The vistas are much more open and glimpses of other holes abound, making it a less claustrophobic but slightly less photogenic experience. The course management required to get around La Reserva is mentally exhausting; pack some Pro-Plus for the brain. For example the long, par five, 11th provides an opportunity to cut the corner from the tee but take too much and you will be bitten. Hard. Even if successful with the drive, the second shot presents a ‘make it or die’ conundrum (although laying up is perfectly feasible, if a little limp). For the record: big drive, five wood to 10 feet, missed the eagle putt: get it up ya.

The course is played in two valleys so the holes are generally either with or against the prevailing wind – the option for meandering in different directions simply was not there. In fact the ‘with or against the wind’ element makes the yardage of the course interesting – some holes play much shorter, others much longer. Thus the ubiquitous touch-screen GPS in the buggy was often to be sworn and scowled at.

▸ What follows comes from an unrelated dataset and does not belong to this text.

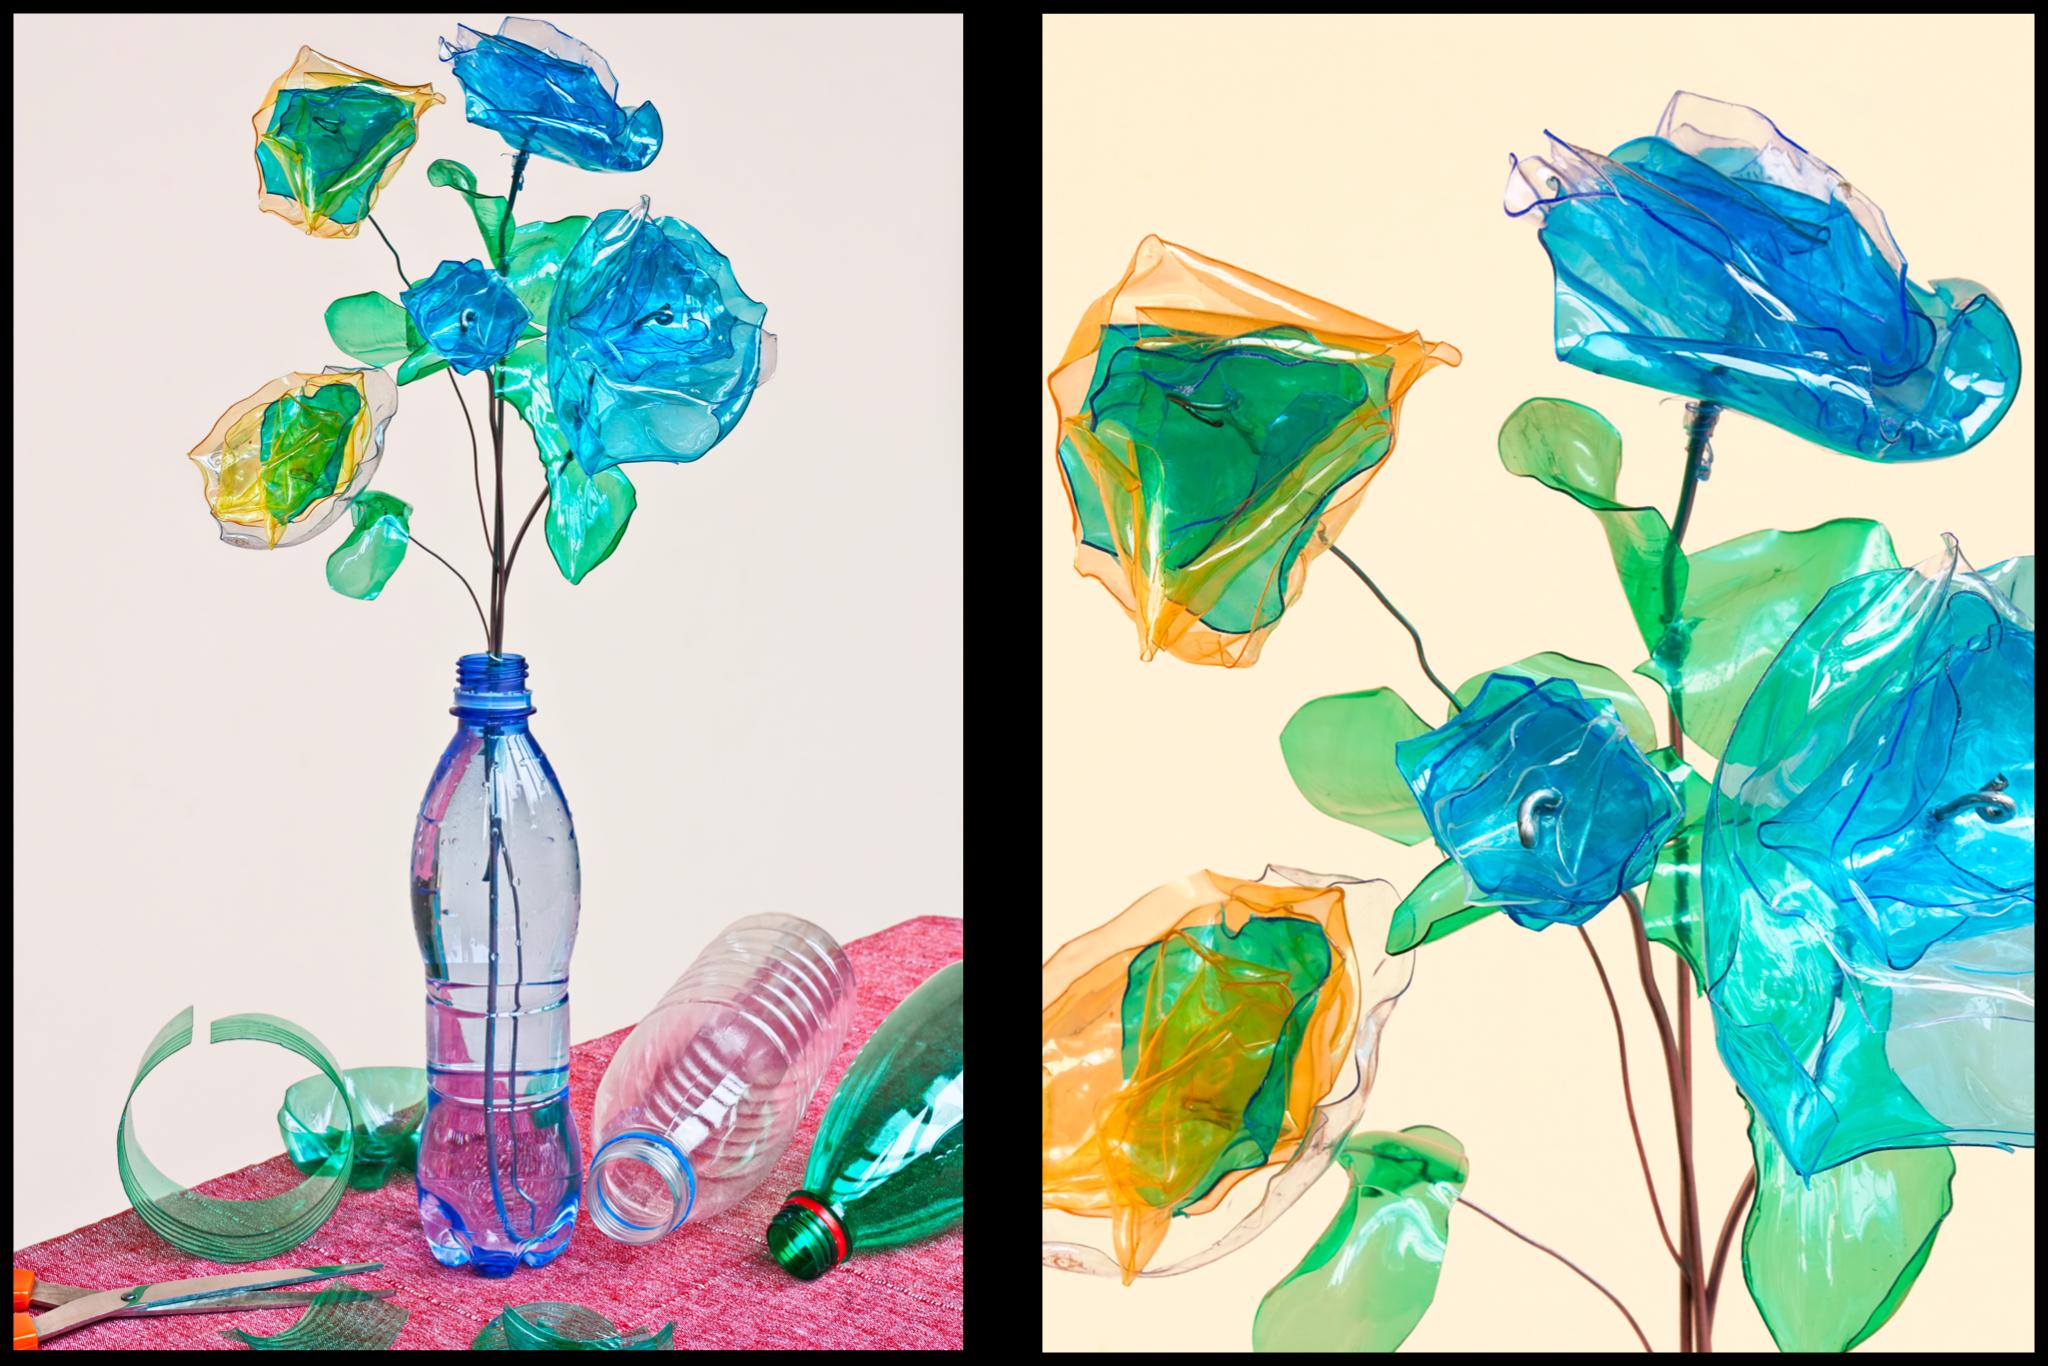 Bricolage Con Bottiglie Di Plastica.Come Riciclare Le Bottiglie Di Plastica Tilas Industria Vernici 1957
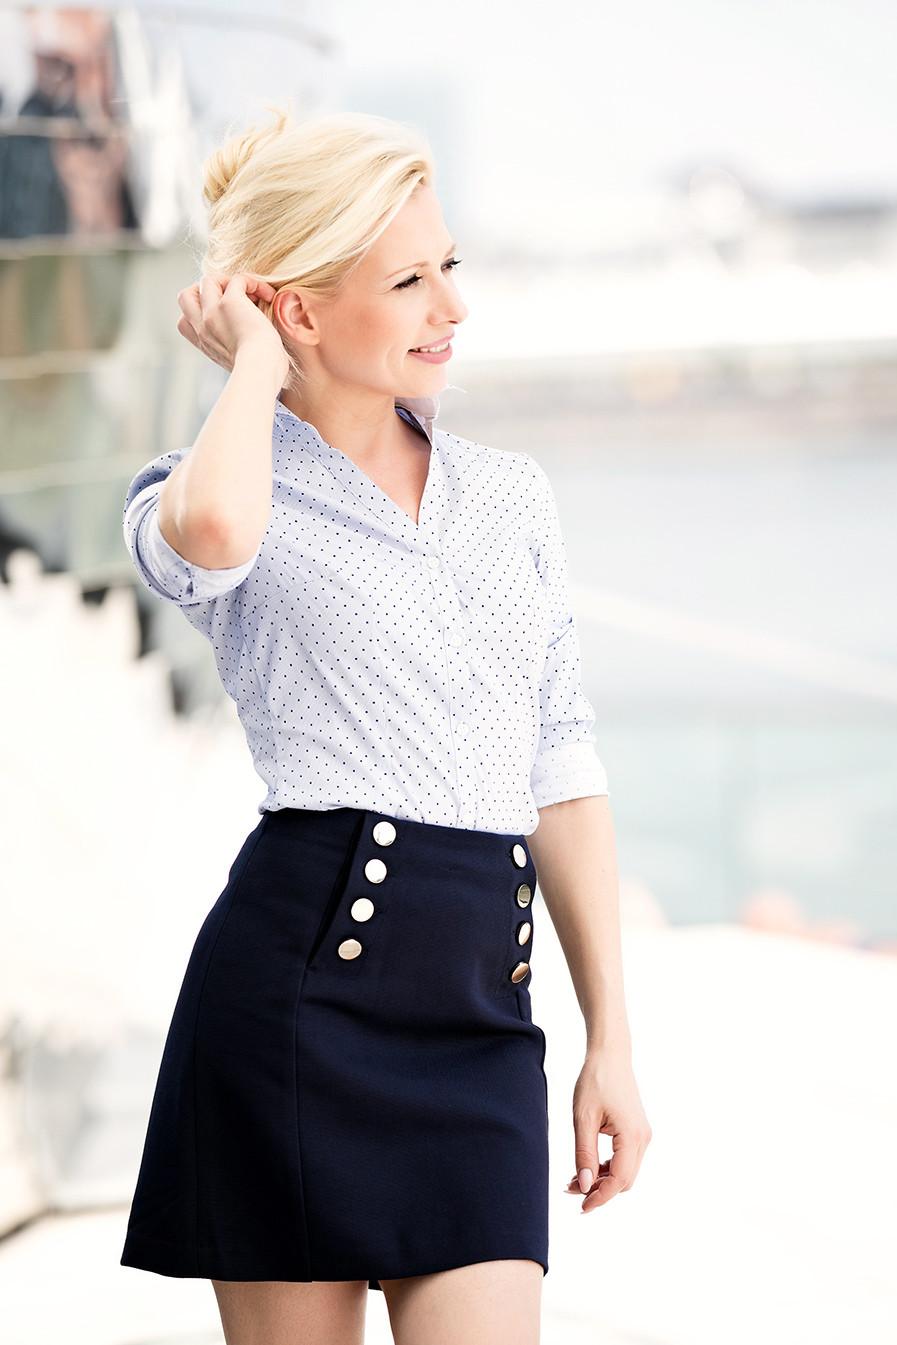 Businesslook gesteckte Haare, blondes Model mit kurzem Rock und Bluse

Where La Reserva scores very highly is the bunkering. The ‘cookie-cutter’ placement of fairway bunkers that plague so many lesser courses is not to be found here. The distance of traps from the tee vary according to the wind, the slope and, above all, the strategy that the golf course architect had in mind. The same is true of greenside bunkering – pin positions can be absolutely crucial to a good or indifferent round. It is probably because the bunkering is so good that the greens did not need to have deflecting or gathering slopes built into them to protect the pin; thus the greens are able to throw up their own challenges to even the best of putters.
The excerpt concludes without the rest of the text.